By Joe Anuta
A civic leader from Flushing’s past died earlier this month and the community continues to fight for many of her ideals.
Helen Dunn, 88, died Jan. 14 in Las Vegas. Dunn was once vice president of the United Civic Council of Queens, the precursor to the umbrella group now known as the Queens Civic Congress. She was also vice president of the Coalition for a Planned Flushing, which sought to regulate the booming growth Flushing experienced in the late 1980s. She was the zoning and housing chairwoman of the Holly Civic Association and a member of the Committee to Save the Keith’s Theatre.
“I remember her most clearly as a woman who was participating in a demonstration in front of the empty RKO Keith’s Theatre shortly around the time after I became a councilwoman,” said Julia Harrison, who represented the Flushing area from 1986-90. “It was a cold and windy day, and we had a meeting in the middle of Northern Boulevard.”
Harrison described Dunn as a strong and magnanimous woman who put her community above herself. She had been called the “first lady of Flushing” in local news articles, and fought to prevent overdevelopment of the neighborhood and to save the RKO Keith’s Theatre from development.
In one such article, dated July 1, 1993, and posted on the funeral home’s website, Dunn tells a reporter about the Civic Council.
“Most of what we do involves trying to preserve the identity of our neighborhoods. We’re taxpayers, homeowners and citizens who are saying we have the right to question what we want and don’t want,” she said.
In another article from three years earlier, Dunn was asked about her accomplishments.
“I’ve made people aware that there’s something really important in the Flushing community that we’re trying to save for following generations,” she said. “I got it that way and I’d like to see it left the same way. One of my accomplishments was helping to save the home of Lewis Latimer.”
For nearly a decade, Dunn had lived in Las Vegas to be near her daughter, Monica Caruso, who said Dunn died peacefully after sleeping for 29 hours.
“She was a great mother and a great lady, and it has been a great loss,” Caruso said.
Dunn was born in Flushing Oct. 27, 1924, and grew up in Corona before attending New York University and Hunter College for training in geriatric care.

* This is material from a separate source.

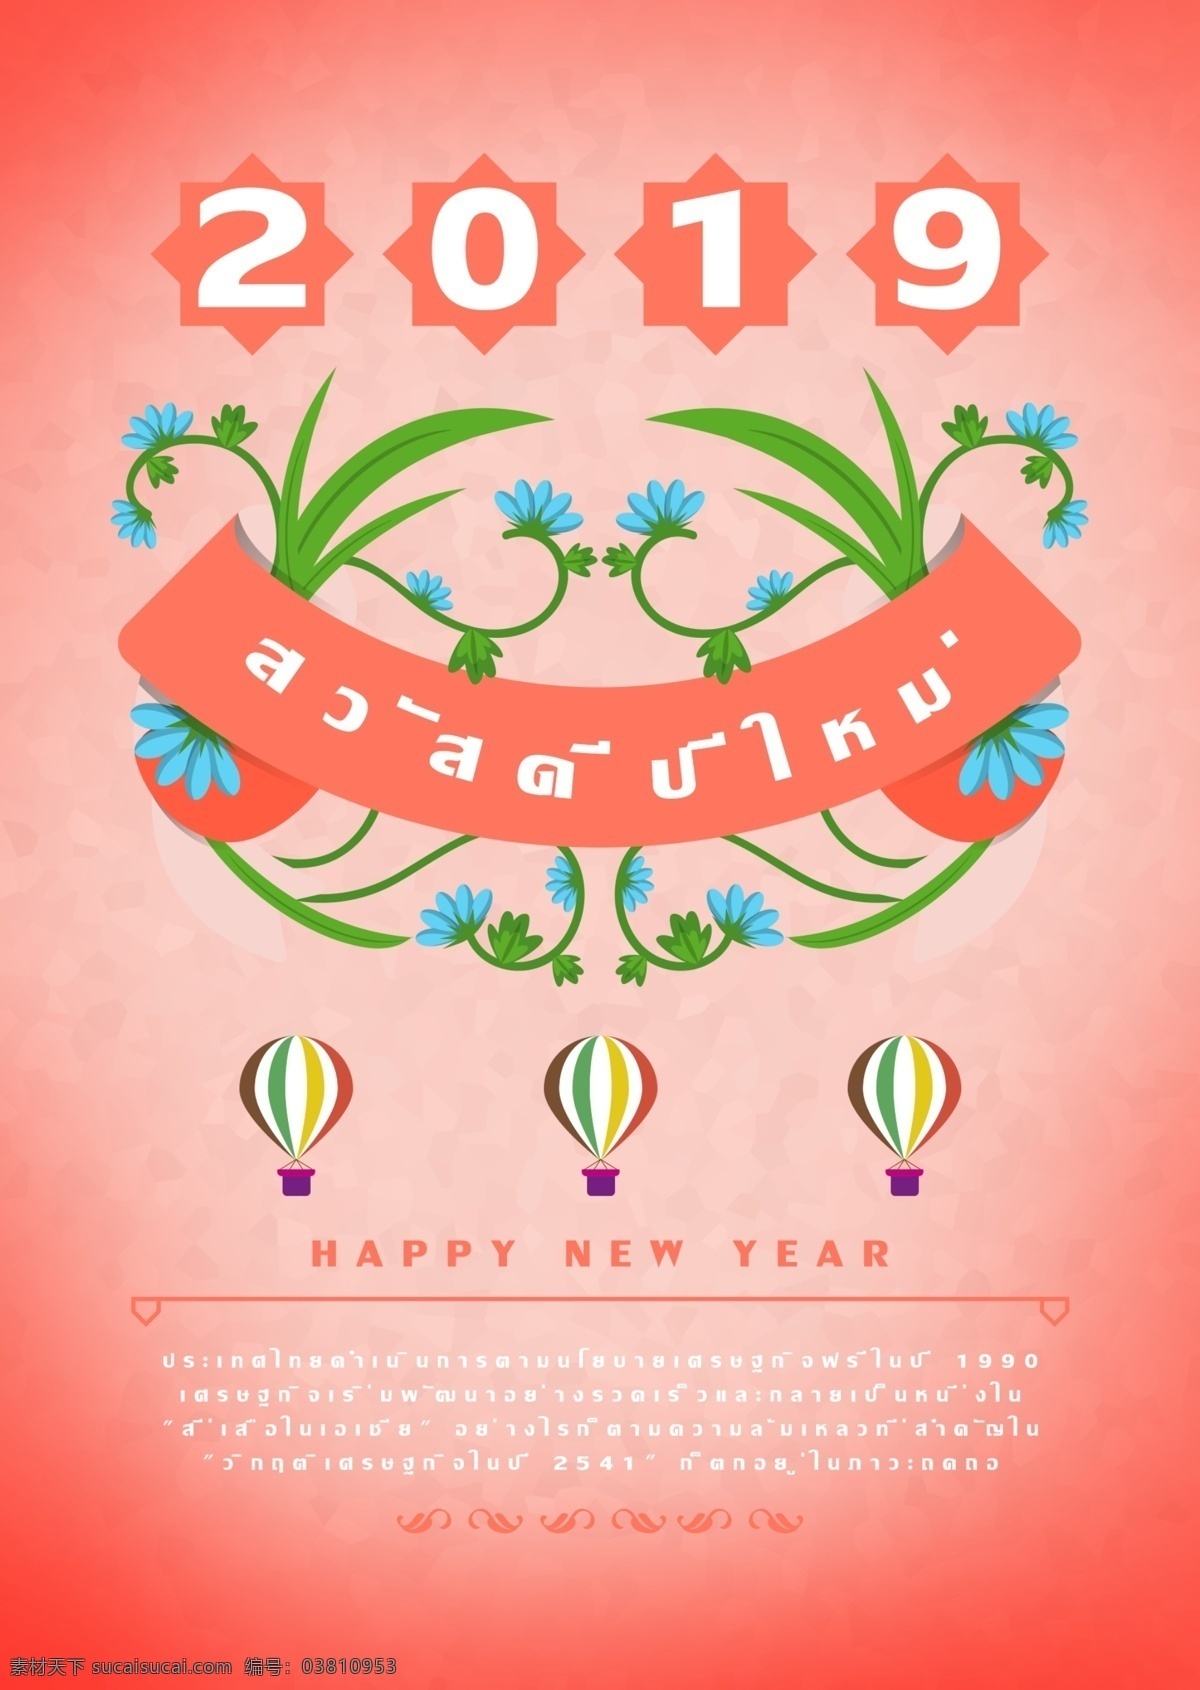 鲜花 一个气球 背景 图像 深 粉红色 功能区 斯波 坎 掌握 材料 新年快乐
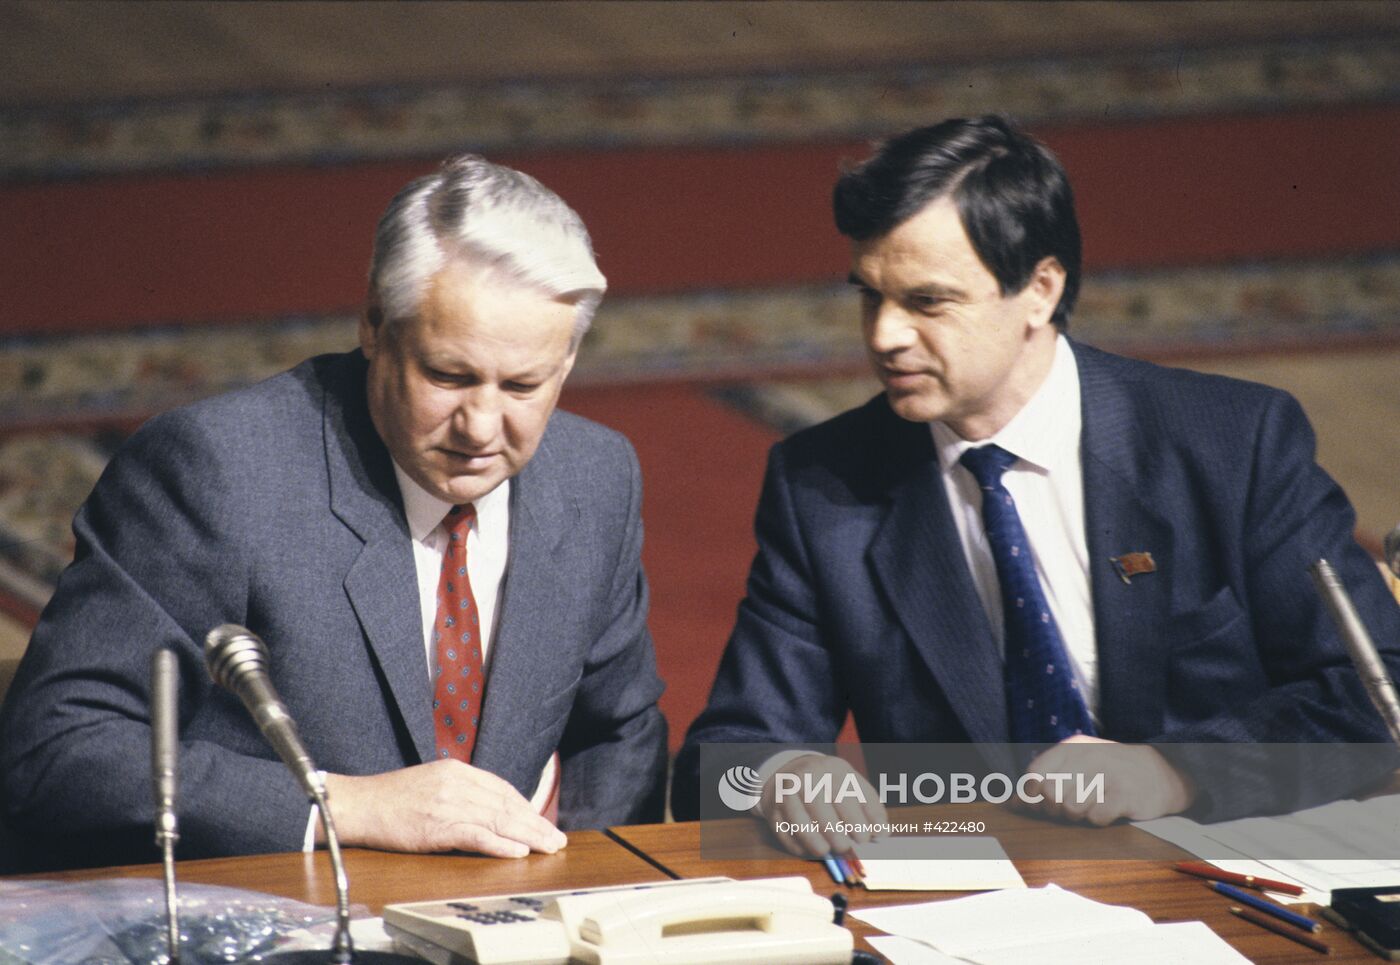 Чрезвычайная сессия Верховного Совета РСФСР

She was married to the late George Dunn. They had three children.
Dunn’s husband was in the military, and Dunn operated a daycare center to help pay for a Catholic education for her children, summer camps and music lessons, Caruso said.
A visitation was held last Friday in Rego Park followed by a mass at Our Lady of Sorrows Roman Catholic Church in Corona.
She was buried alongside her husband at Calverton National Cemetery. She is survived by her daughter, Caruso, her sons Raymond and James Dunn, brother Neal O’Doherty, sister Amelia Margaret Cashdan and two grandchildren, Alexandra and Christopher Dunn.